The final part of the excercise with the therapist is to take all that growth and resilience we recognize from overcoming past adversities and extrapolate that to our future. If the current self can help give hope to our past self, knowing we may still be in the struggle but aren't at rock bottom; perhaps the greatest person to help us in our current sitaution is that same self, or rather the future version of that self. If we have found the strength to get where we are currently from where we were, imagine what we can do in the future. My 25 year old self would have laughed out loud if you told him I'd have 3 kids at 38, and my 19 year old self would have just bawled with disbelief if he saw my current life. 

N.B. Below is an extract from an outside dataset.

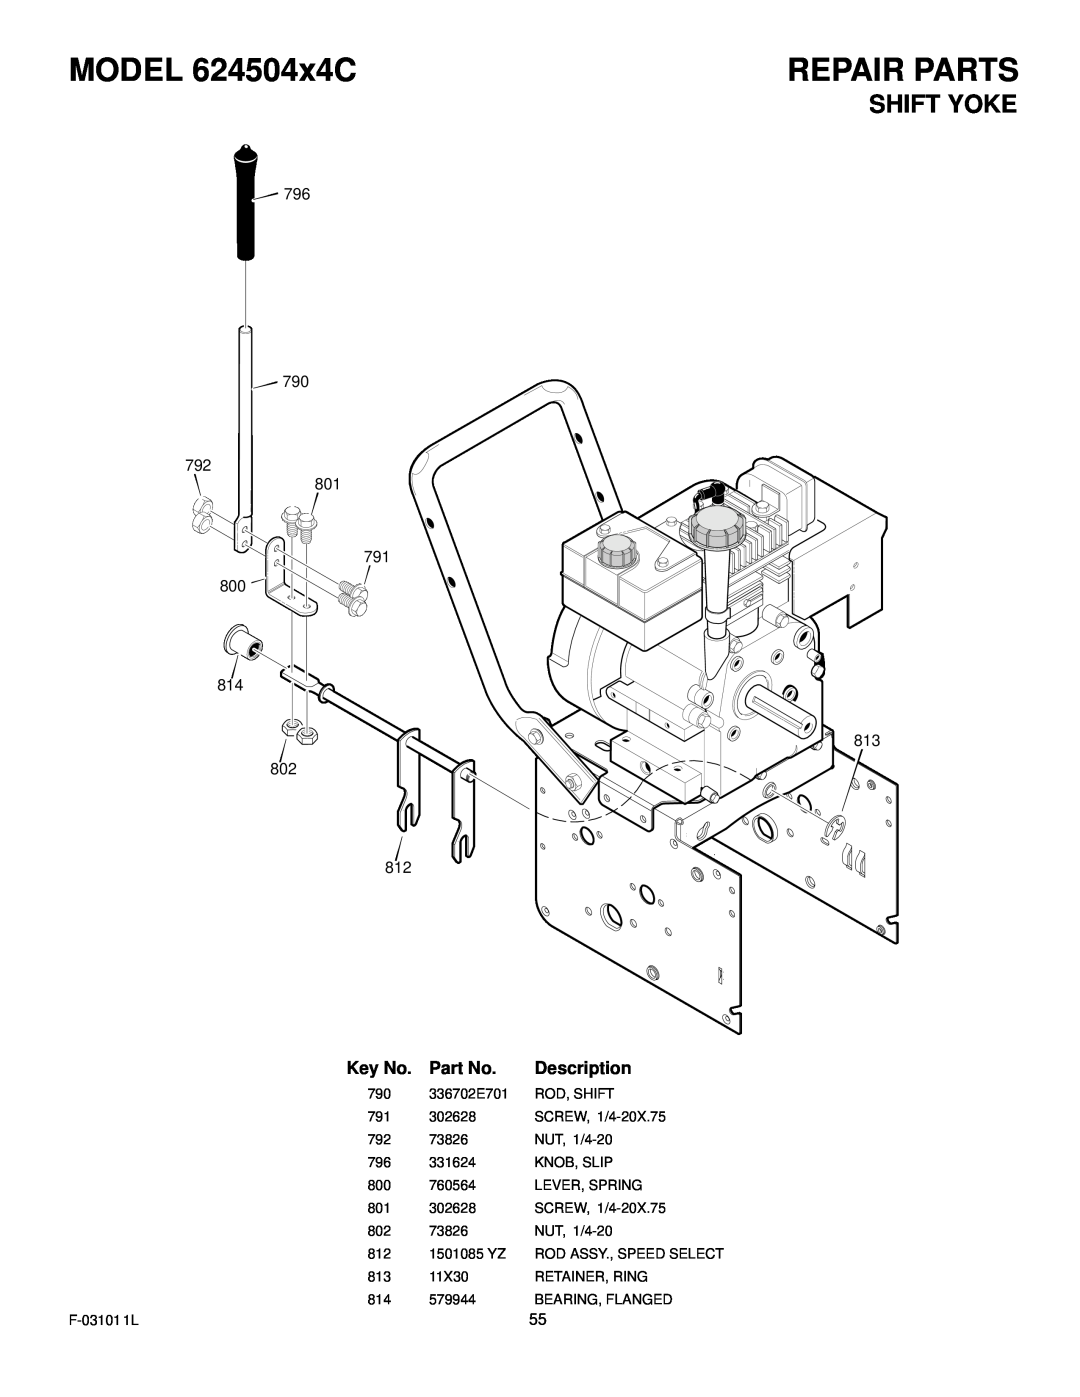 Murray manual MODEL 624504x4C, Repair Parts, Shift Yoke, Description

My hope is that I can sit in those moments when my 3 year old is playing outside and the sun is beating down on me and my current self reflects presently at the awe of where I have come to and how I got there. I give place in that moment for the 19 year old, the 25 year old and the 30 year old, but then after a moment I come back to the present filled with gratitude for what I have and where I am, not because all the pain and struggle is gone, but because I've kept going and found these moments along the way while the tempest still rages. As I come to this quiet and peaceful self-awareness, I watch my son play with his water table and start to do something my 19 year old self couldn't do, I start to imagine the life before me and what 50 year old Aaron will have to say about it all. I laugh a slight laugh, because if the last 20 years are an indicator, it will look nothing like I can imagine. There will be hard days, for sure, but I will have better tools and be armed with the past victories to aide me, and the bricks in place to see what I've since created. I also know it will be filled with joys and tender mercies. I think to myself, I've underestimated you several times, God, let's see what you and I will make of me yet in the next chapter of life.